I’m still working on a piece on Sinclair, delving into the depths of the company’s output. That should be in Stuff before the summer. Meanwhile, my earlier piece on Atari is slated for the issue out in a few weeks.

Elsewhere, I’m digging into music discovery on mobile, and excited about writing up a piece on a very different type of mobile games controller. Or at least a very different use for one.

Other stuff

It’s quite a time for tech companies that should know better doing bad things. HP’s going all-in on the subscription printer game, which charges $7 per month for 20 printed pages. Don’t worry, because you can top that up! And you ‘only’ have to ensure the printer is always online. And sign up for two years. Although you can cancel – by paying HP more than the cost of a new printer. Bargain.

Automattic, which was supposed to be one of the good companies, has decided to sell Tumblr and WordPress (not, note, self-installed) content to AI companies to help them train their models. But don’t worry, because you can opt out and hope those companies actually care about your request, even though there’s no evidence I can see that they’re legally obliged to. Way to detonate years of goodwill, Automattic! (Docusign of all companies is also doing this. Which is quite something, given that the content you feed into it often comprises contracts and NDAs.)

Apple has performed a screeching U-turn on killing web apps, perhaps because the European Commission publicly stated there was no need for Apple to scrap them in the first place. Oh dear. I look forward to certain (mostly US) commentators retracting their “the bad and evil EU is forcing our beloved Apple to do a bad thing” stance and replacing it with a “the bad and evil EU is making it impossible for Apple to know what it should do and that is a bad thing” stance. Fun!

Right, that’s enough negative stuff. How about some positives? Three things, in fact, all about games. First, Kimmo Lahtinen has celebrated a decade of making games. The story is bittersweet regarding sales (as in, several of his games didn’t sell well), but he still seems happy with his lot. Also, if you’ve an iPhone or iPad, I would strongly recommend you buy some of his games. Drift’n’Drive is an absurdly fun racer for a buck, and I adored Day Repeat Day’s clever mix of match-three and social commentary.

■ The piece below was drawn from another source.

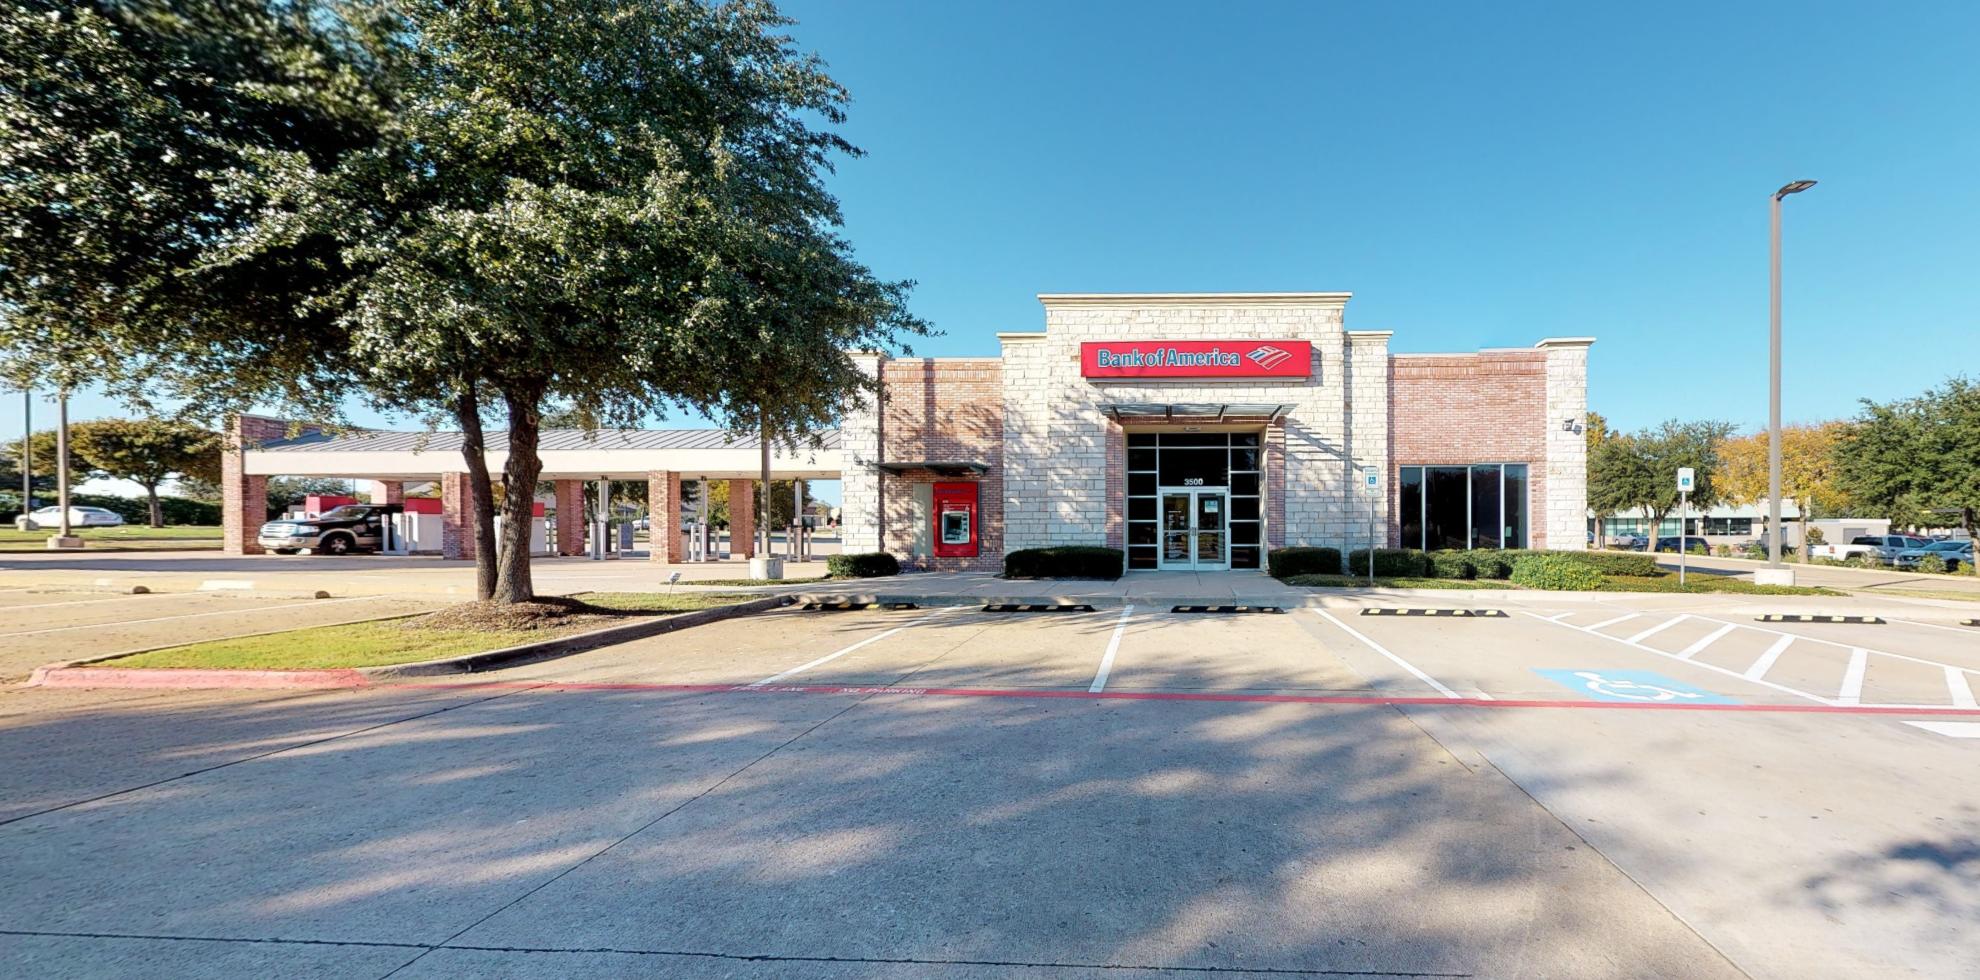 Bank of America financial center with drive-thru ATM | 3500 Eldorado Pkwy, McKinney, TX 75070

Get them all.

Elsewhere, having documented and even bug-fixed the original Elite, Mark Moxon has now reconstructed Lander– or, for people of a certain age in the UK, that insanely difficult 3D game on the school’s expensive Acorn Archimedes computers where you attempted to control a spaceship with a mouse and inevitably crashed after approx 0.3 seconds.

Finally, Llamasoft: The Jeff Minter Story is out in a couple of weeks. Alas, not for Mac, because reasons. But almost every other platform will get a combination of games and stories revolving around one of the most standout game makers from the UK. 

I wrote about Space Invaders for Stuff, and how that’s lodged in my mind as a very early gaming memory. Minter’s work is there too. The two very old home computing games I remember from my early childhood are Bowling and Metagalactic Llamas: Battle at the Edge of Time. Needless to say, they were two very different games. And I only feel compelled to revisit one of them today.